SOURCE MATERIAL:
■ ■ ■ ■ ■ ■ ■

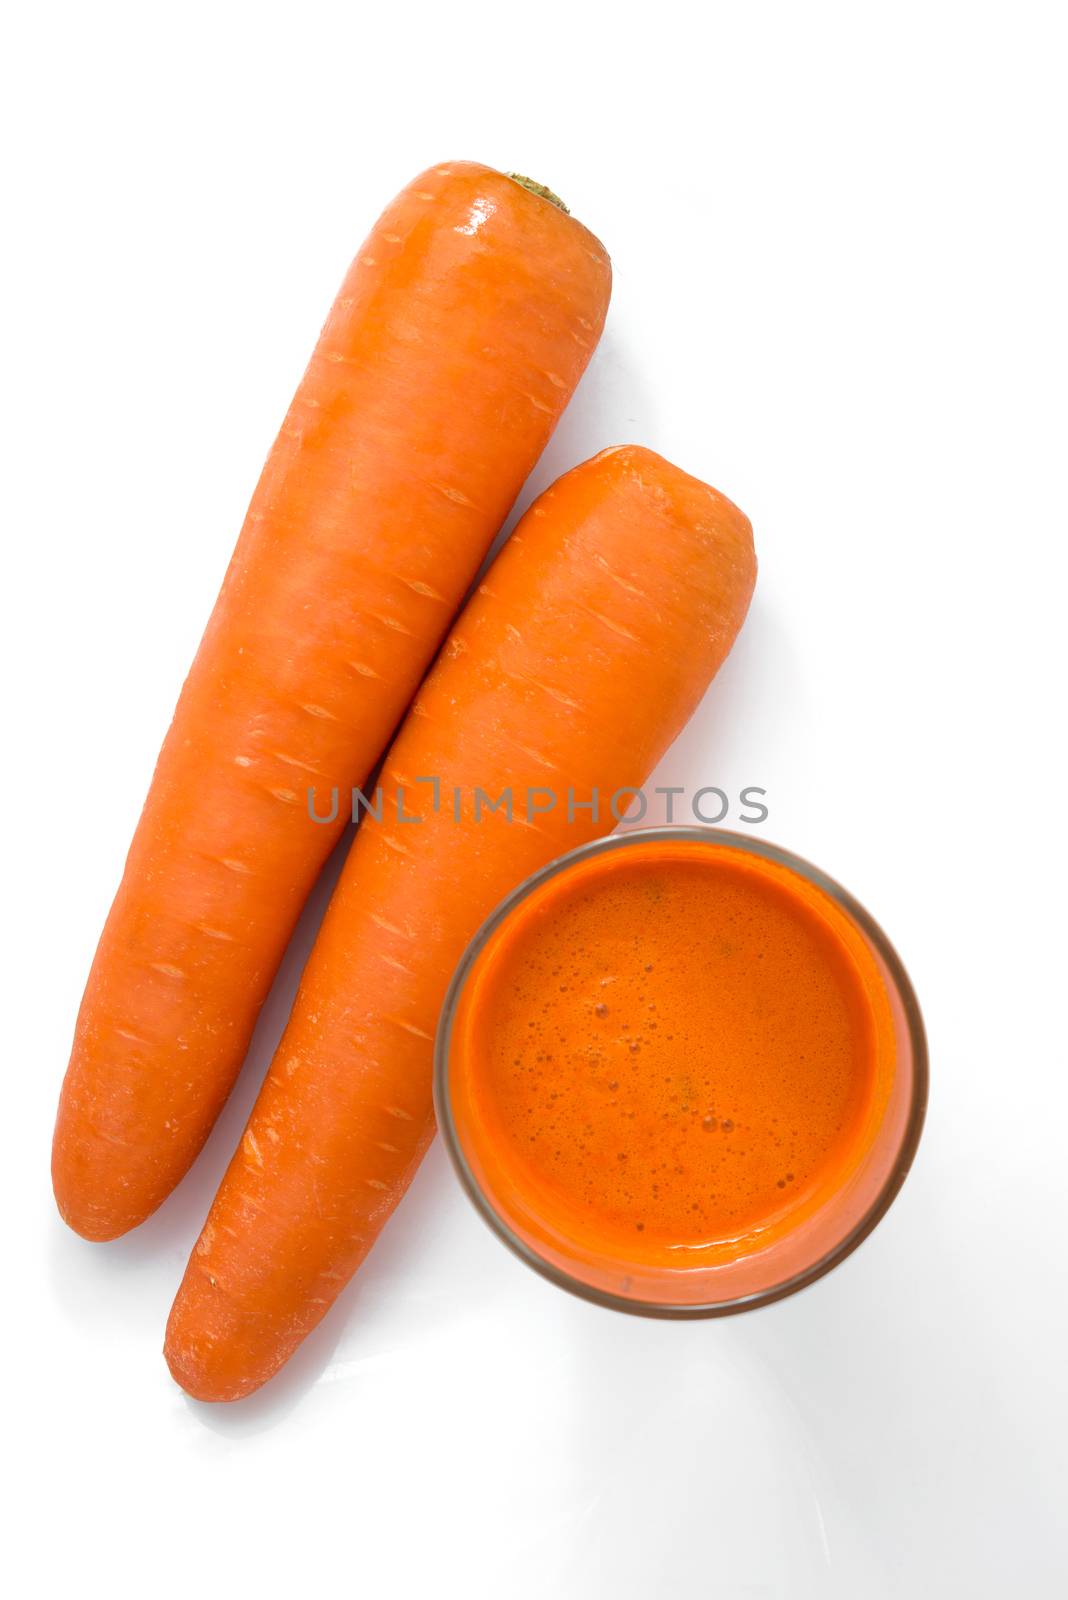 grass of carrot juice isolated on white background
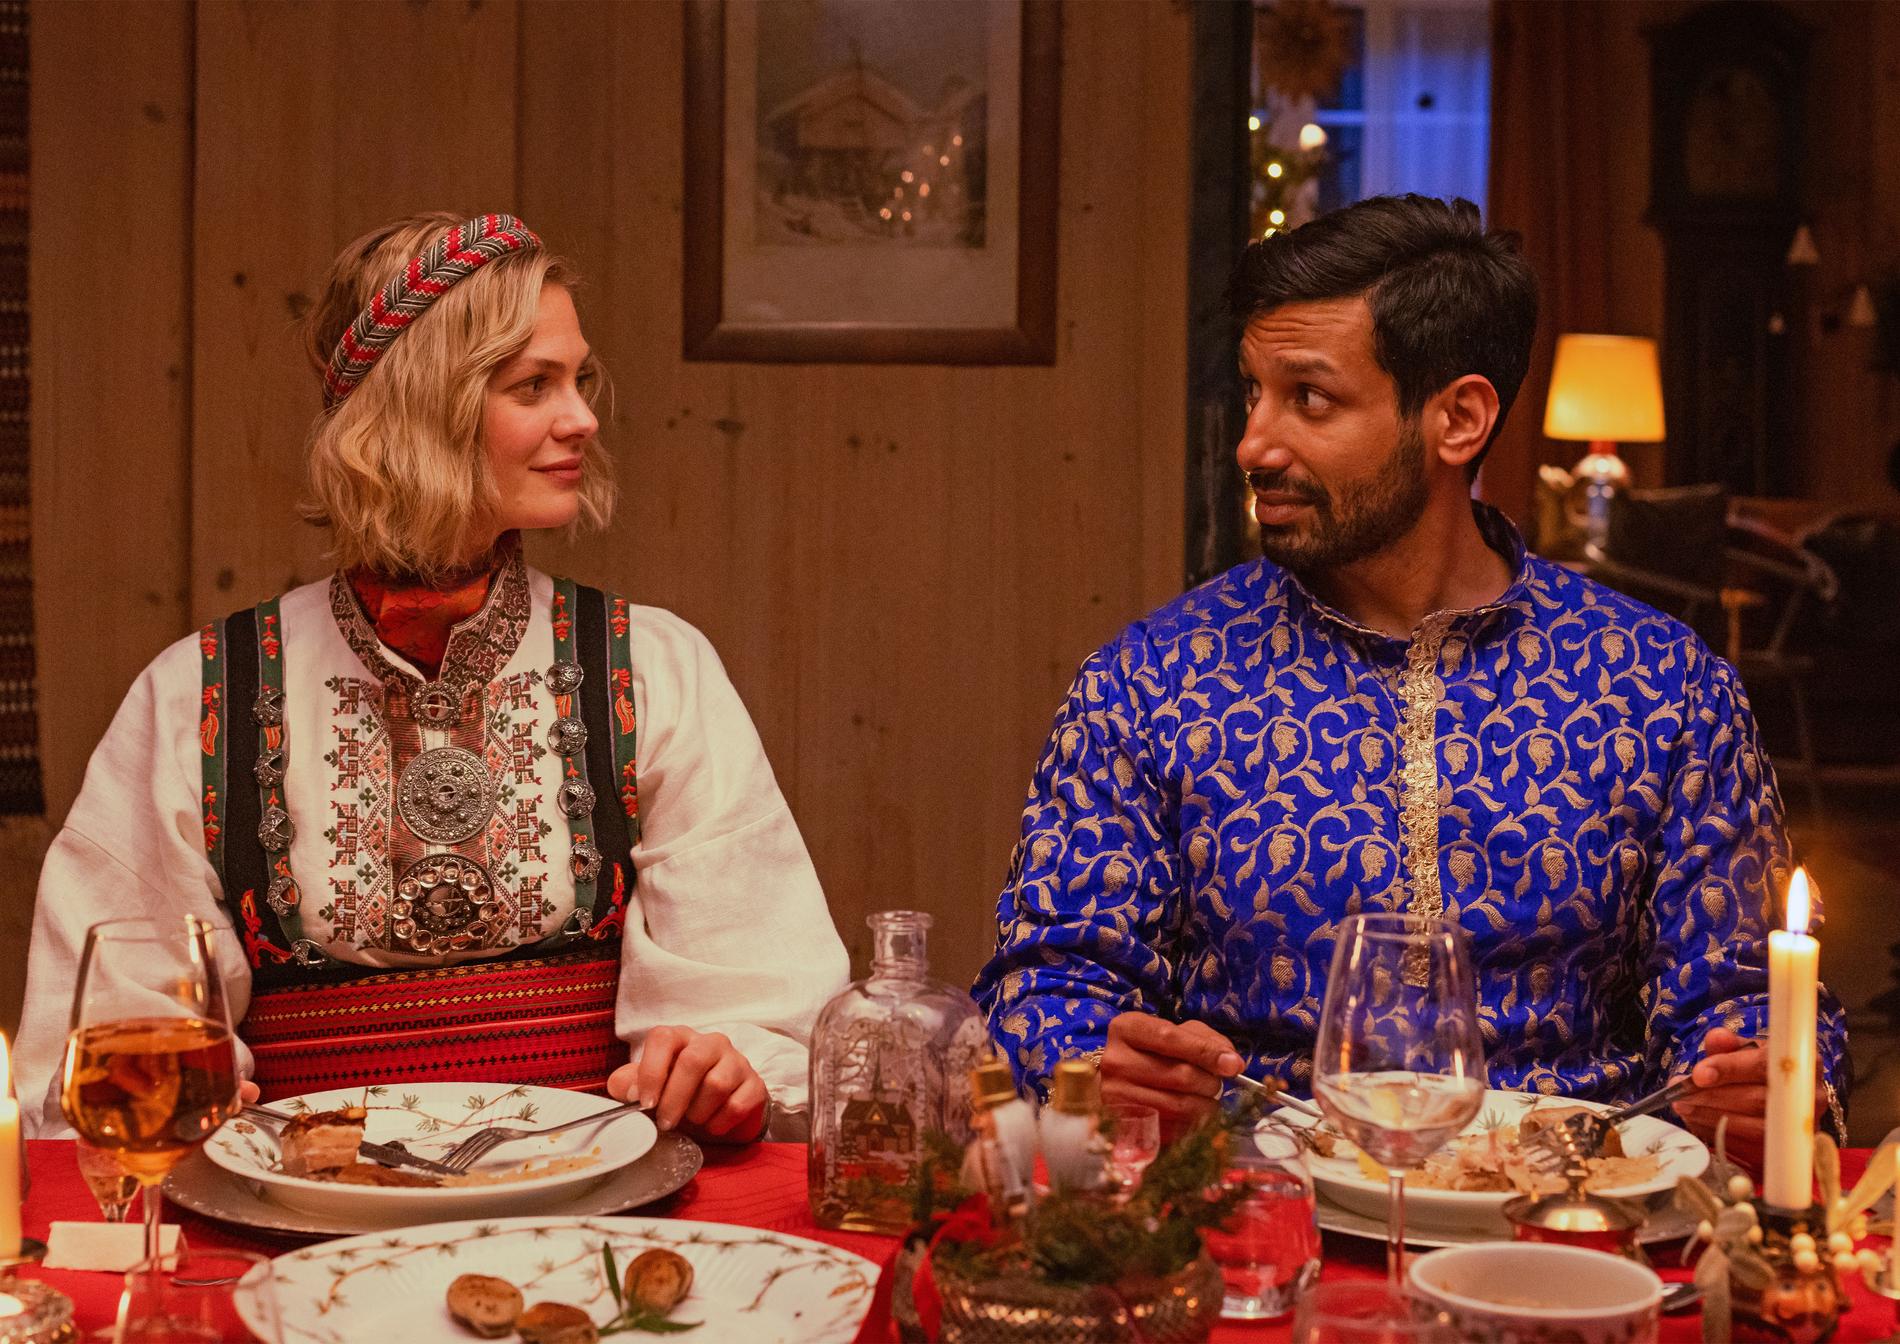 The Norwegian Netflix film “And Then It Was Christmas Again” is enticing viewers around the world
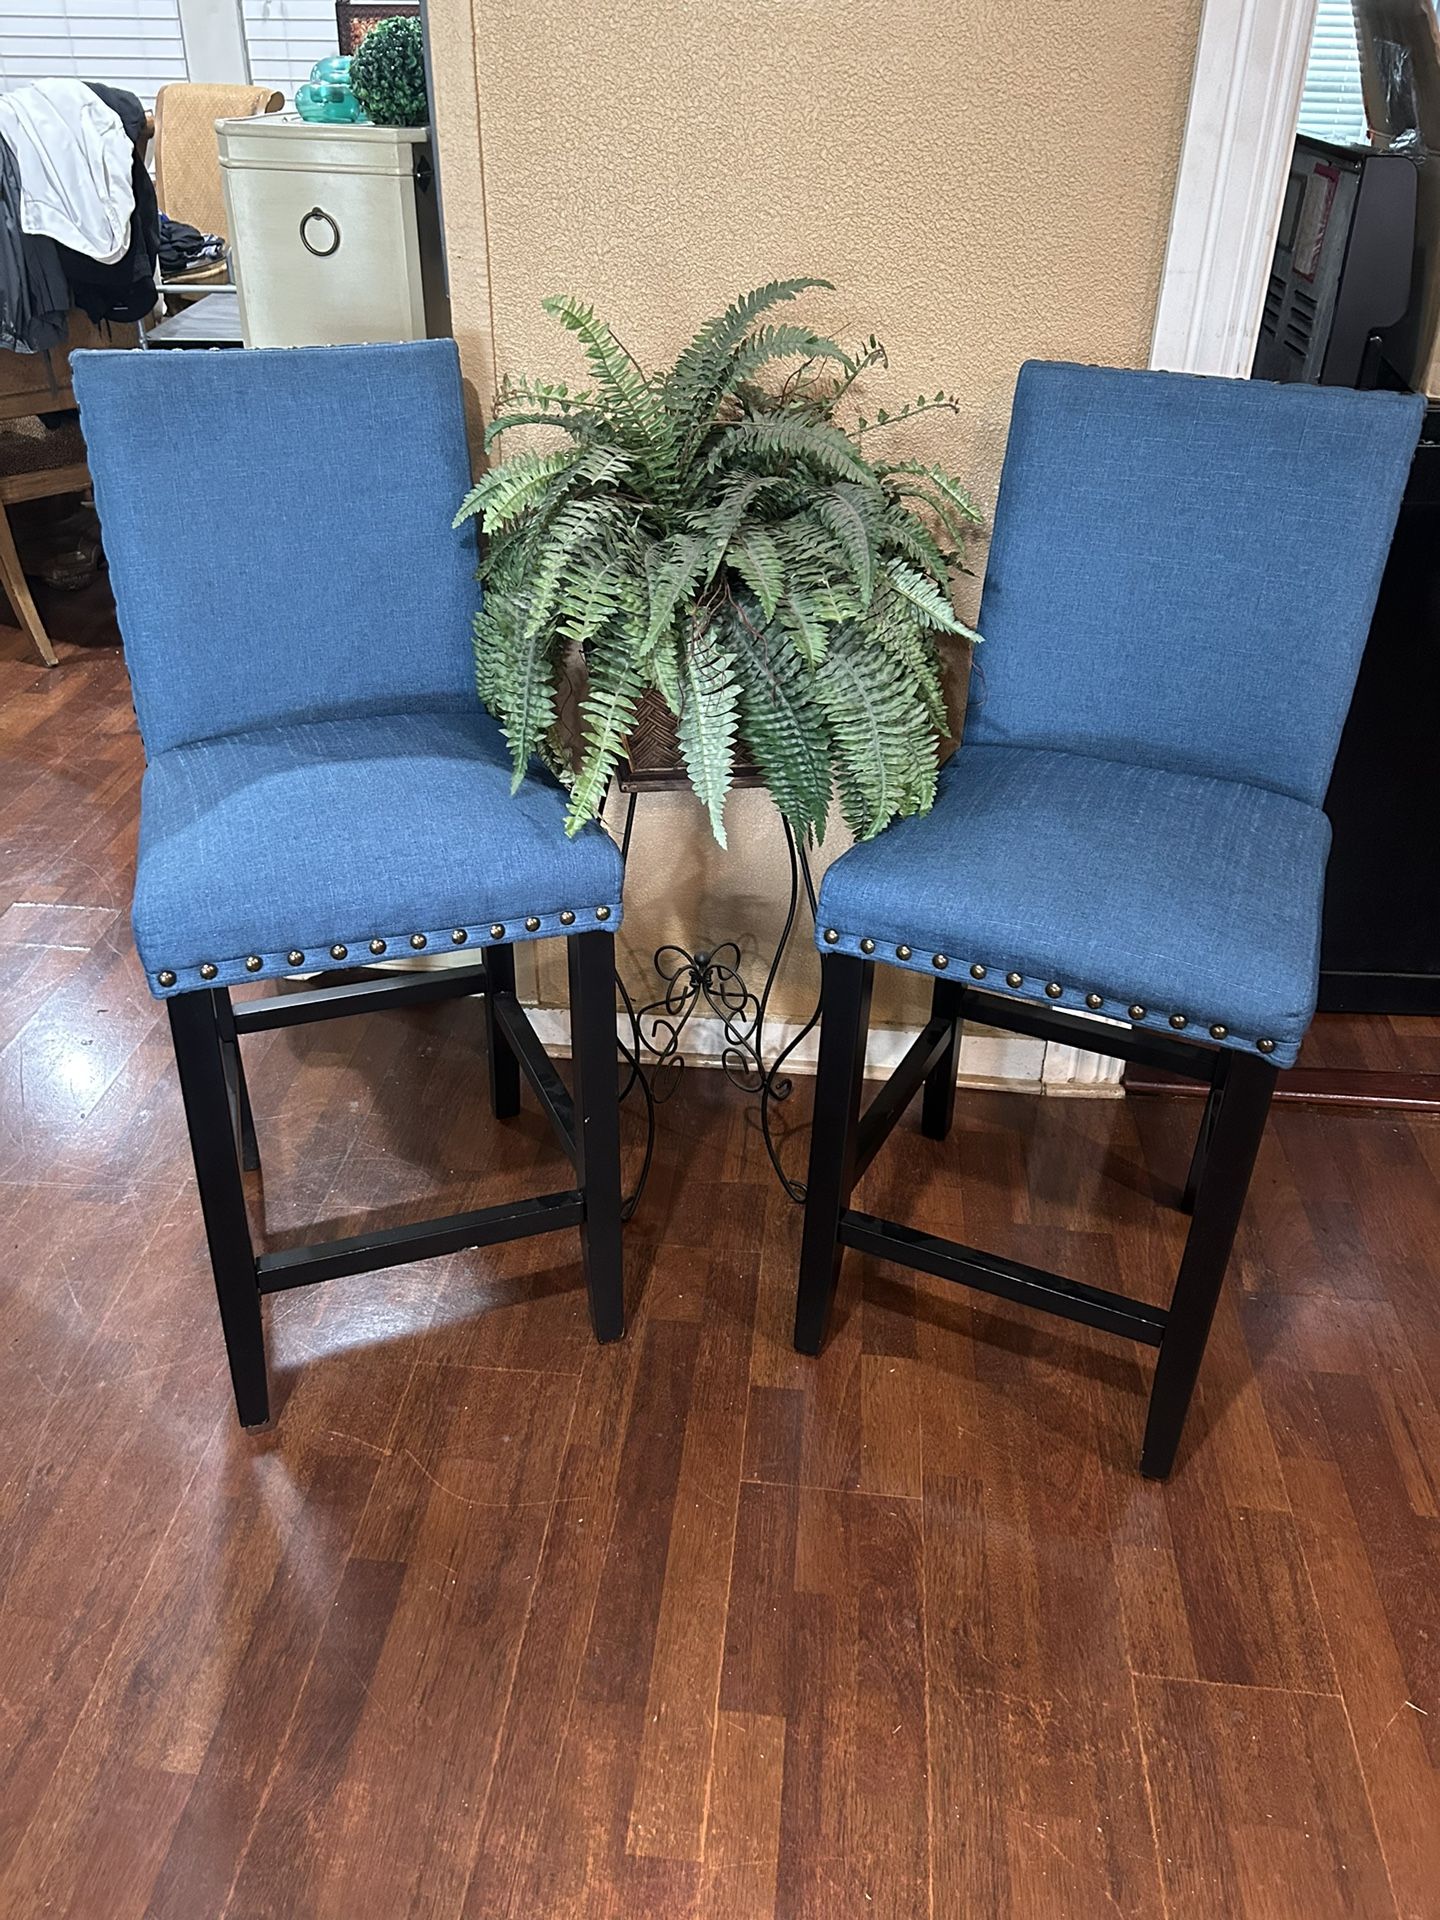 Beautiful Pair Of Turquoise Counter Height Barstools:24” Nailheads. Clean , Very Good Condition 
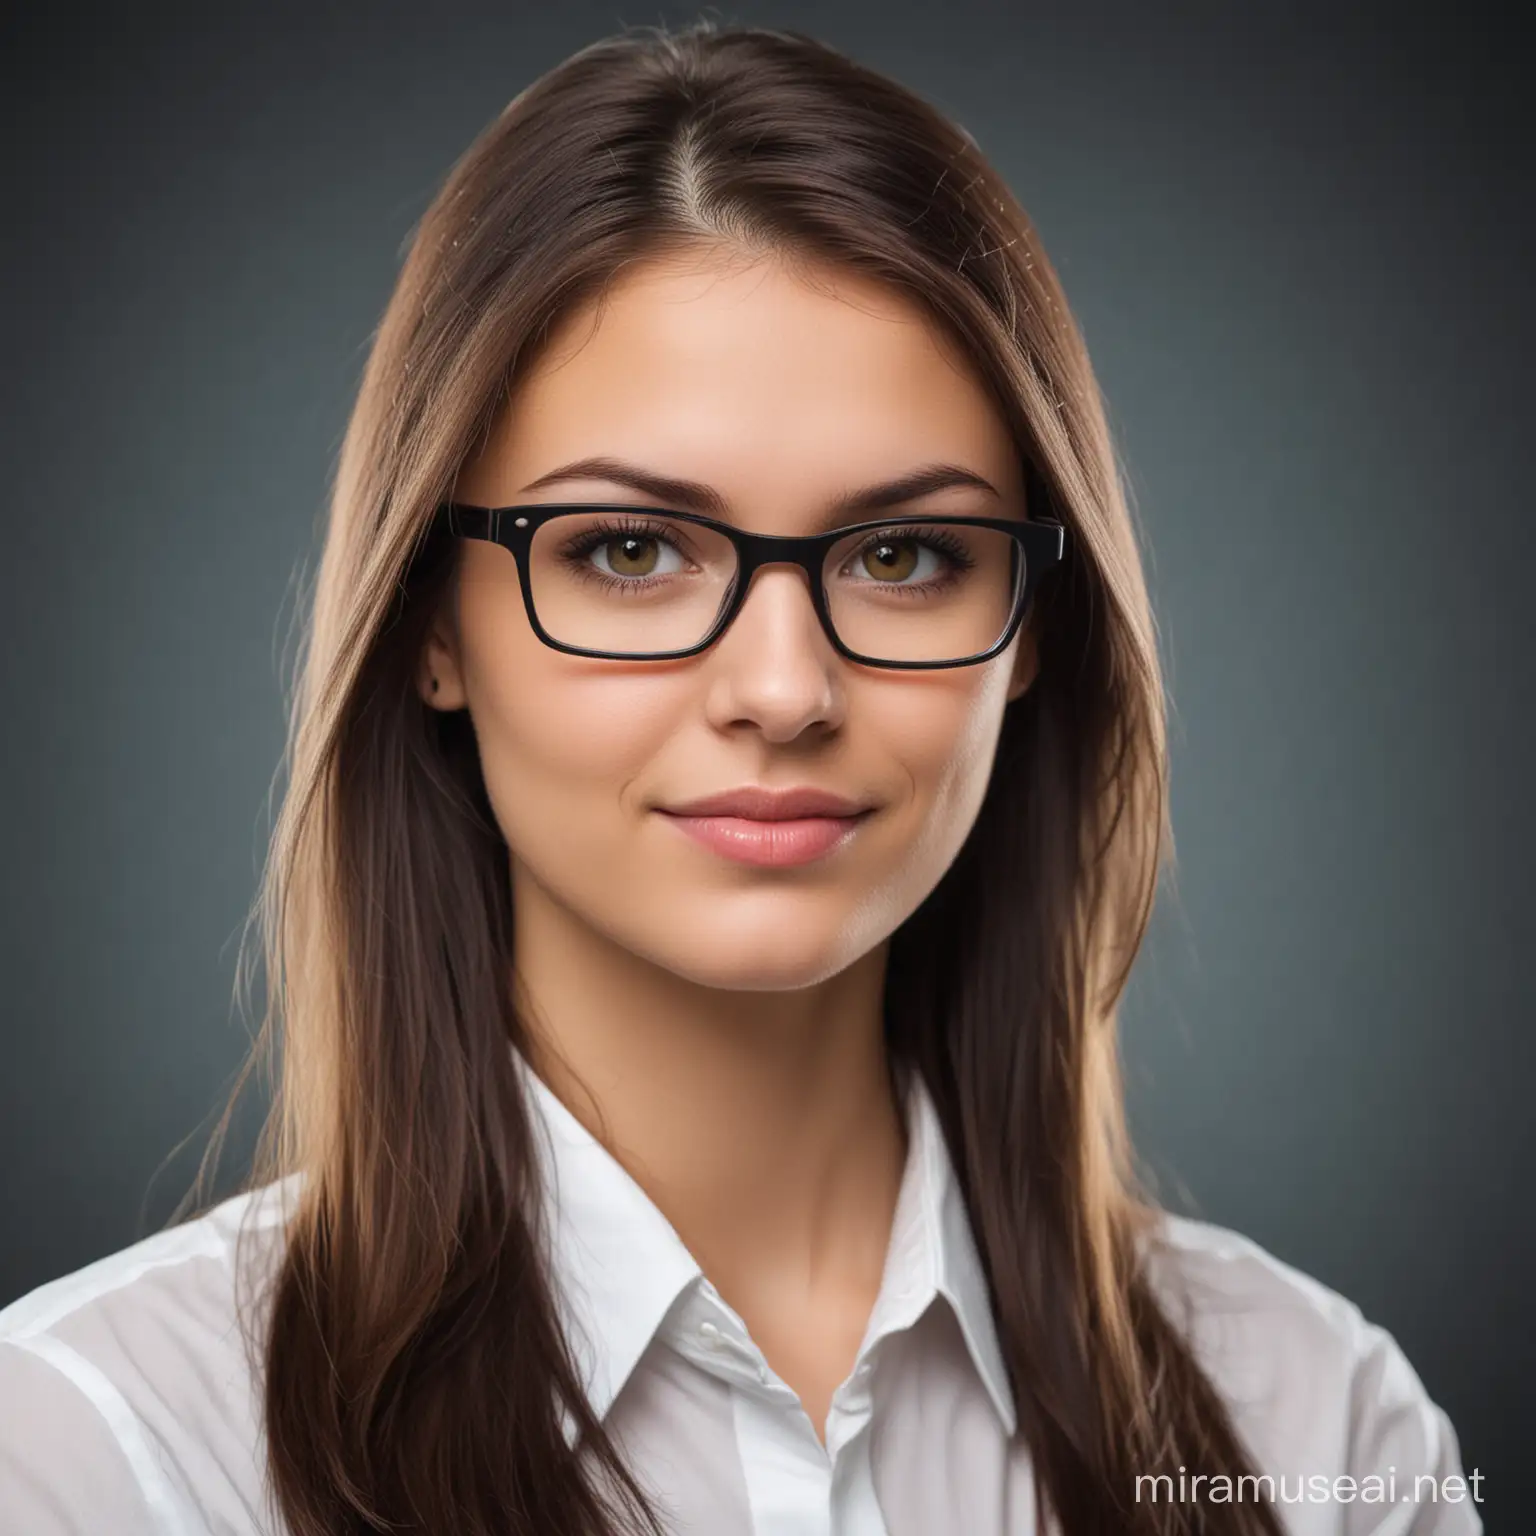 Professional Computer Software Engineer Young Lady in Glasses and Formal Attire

■ ■ ■ ■ ■ ■ ■

WHAT THE EXERCISE ASKS:
Before copying the material, set its pictures aside; then transcribe it word for word.

ANSWER BOX:
 grass of carrot juice isolated on white background
 The Norwegian Netflix film “And Then It Was Christmas Again” is enticing viewers around the world
 Beautiful Pair Of Turquoise Counter Height Barstools:24” Nailheads. Clean , Very Good Condition 
 Professional Computer Software Engineer Young Lady in Glasses and Formal Attire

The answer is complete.